A mediana é tirada pelas médias, como assim?
Esse nem 3 tiraria…kk
VDD. Chamaram ate o 865 colocado
Esse caso demonstra o quanto a pessoa pode ser tão Inconsequente.
O sujeito não era oficial e nem tinha estabilidade, mas estava em “experiência”. Arriscou tudo, talvez pela adrenalina e pelo gozo de se dar bem, e se deu mal. Pergunto, precisava mesmo? Lógico que não.
No final, todos se deram bem. o aspirante, com essa índole, iria fazer estragos maiores mais a frente, e receberia uma punição maior, proporcional a patente e ao dano. Com certeza ele perderia muito mais do que hoje. Já a administração conseguiu, a tempo, se livrar de um oficial ladrão antes de ele fazer maiores estragos, fora o mau exemplo.
Quando vai sair a condenação dos ladrões do INSS e banco master?
Mas vc vai aceitar?

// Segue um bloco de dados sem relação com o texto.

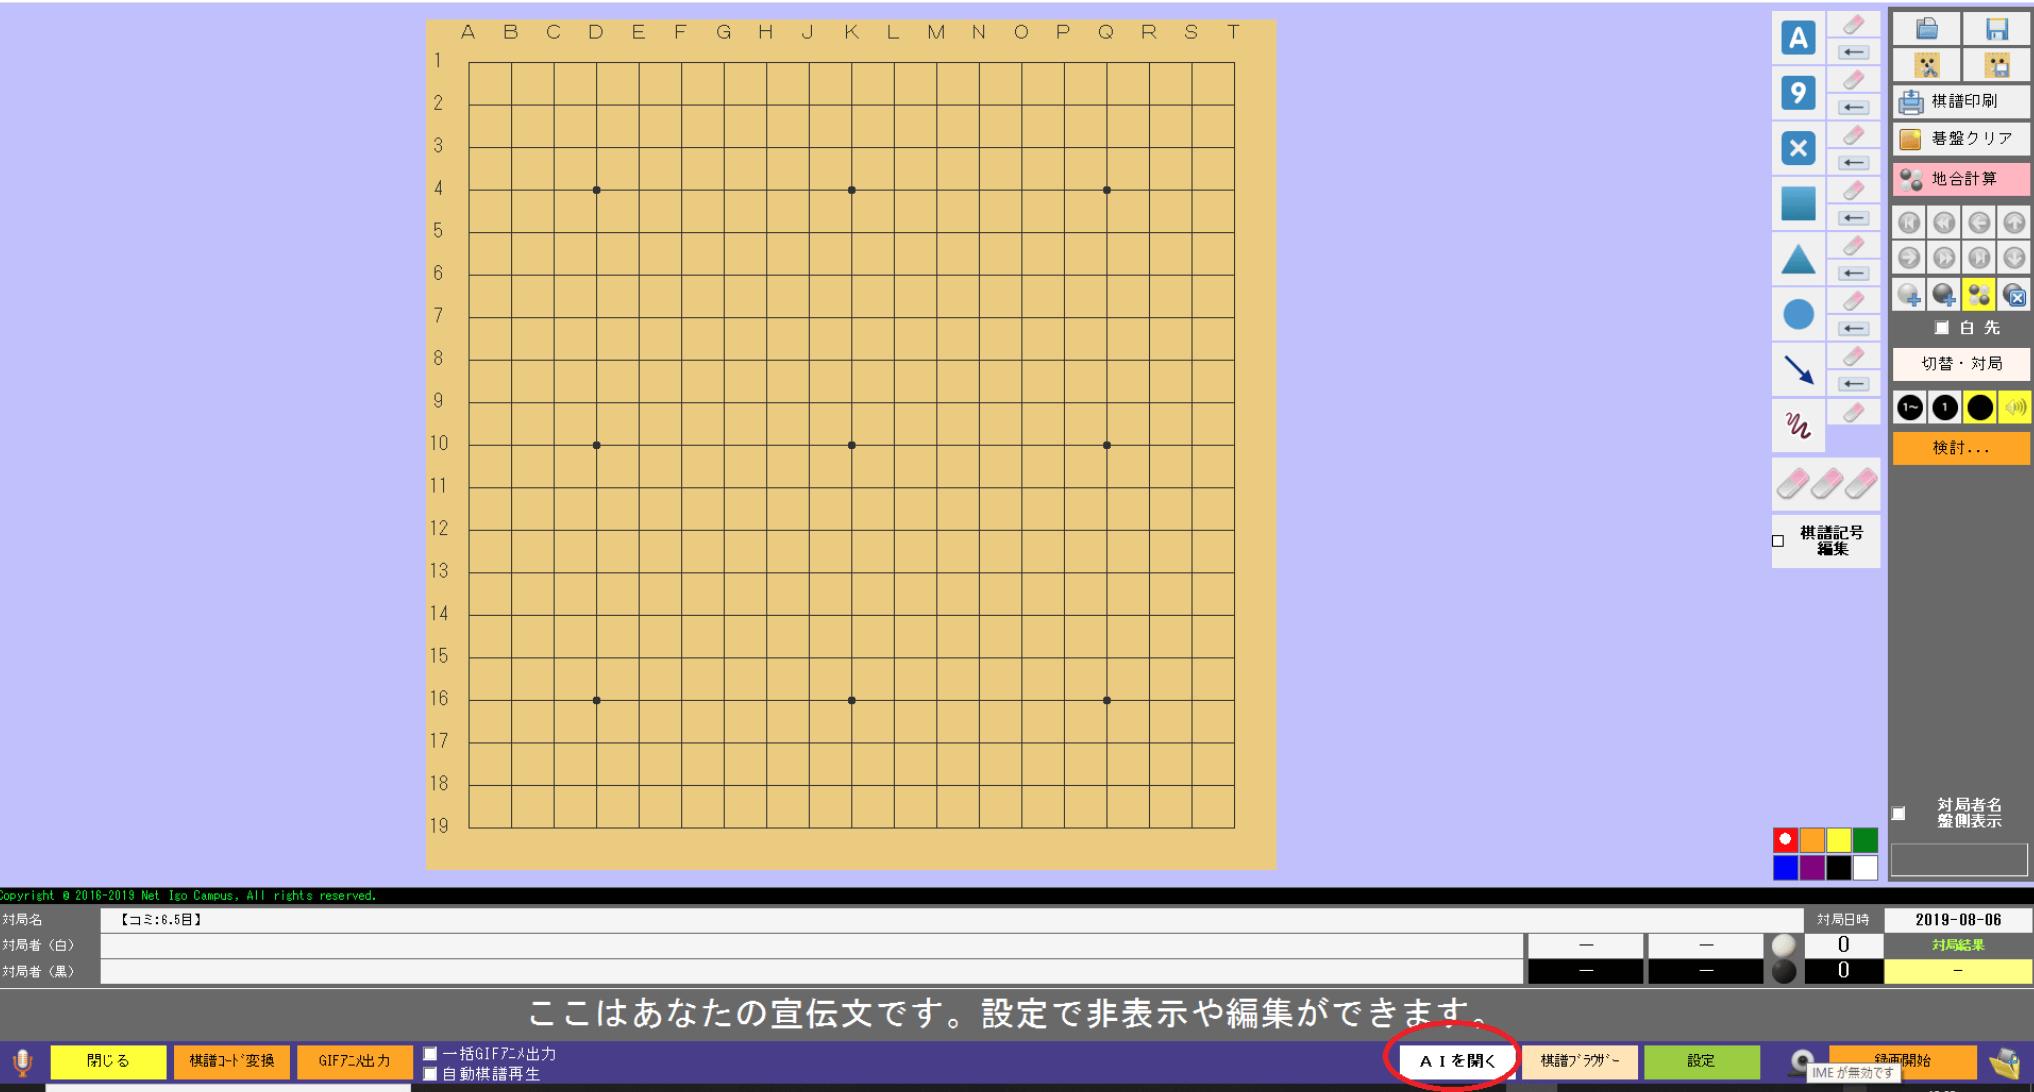 ネット碁学園AIを開く

Se forem os seus bandidos de estimação ou os outros bandidos, vc pelo menos vai escrever algo sobre o assunto ou, se forem os seus vai ler alhos e escrever car-alhos?
Faltou somente a cervejinha. 🤣
Picanha, contra filé, alcatra, 30 e pouco caixas têm que verificar essa licitação, no rancho nunca chega essa picanha nem CF e a tal da alcatra.
Levaram 22 mil , um coquetel ou uma passagem de comando vai mais de 100 mil, quem é o ladrão?
Marinha do Brasil, concurso para fuzileiro naval, salario de r$ 2.500,00. gari tem melhor remuneracao. Valorizar um pouco o soldado cairia bem. A que ponto chegamos.
Segundo a IA….
A situação jurídica do Aspirante-a-Oficial configura um limbo normativo crítico decorrente da exaustão da Lei nº 12.705/2012 no ato da formatura. Ao ser excluído do corpo de alunos, o militar perde o amparo dos Arts. 1º e 4º da referida lei — que garantem a permanência na instituição estritamente enquanto matriculado —, mas, por força do Art. 12 da Lei nº 5.821/1972, ainda não ingressou na carreira de oficial, o que só ocorre no posto de Segundo-Tenente. Esse cenário revela uma direta ofensa à taxatividade do Art. 3º, § 1º, do Estatuto dos Militares (Lei 6.880/1980), pois o Aspirante deixa de se enquadrar como “aluno” (inciso IV) sem ainda ter ascendido à condição de “militar de carreira” (inciso I). Sob a ótica do Art. 121, § 3º, alínea “a” do Estatuto, a conclusão do curso e o esgotamento do tempo de serviço como aluno deveriam ensejar o licenciamento ex officio, evidenciando que a manutenção do Aspirante no serviço ativo carece de uma garantia estatutária sólida que assegure sua transição para o oficialato.
Diferente das legislações de 1955 e 1964, que vinculavam o acesso como consequência lógica e protegida da formação, o ordenamento atual relega o Aspirante à condição de Praça Especial de natureza precária e transitória. A ausência de uma norma em sentido estrito que discipline o período pós-curso fere o Princípio da Reserva Legal e os incisos I e II do Art. 37 da Constituição Federal, uma vez que a continuidade do vínculo passa a depender de regulamentos infralegais, e não de prerrogativas de carreira com estabilidade presumida (conforme o § 2º do Art. 3º da Lei 6.880/80). Sem o amparo de uma lei que obrigue sua permanência entre a formatura e a nomeação, o Aspirante fica vulnerável a licenciamentos discricionários, frustrando a legítima expectativa de direito de quem foi aprovado em concurso público e cumpriu todas as exigências acadêmicas para o ingresso no oficialato.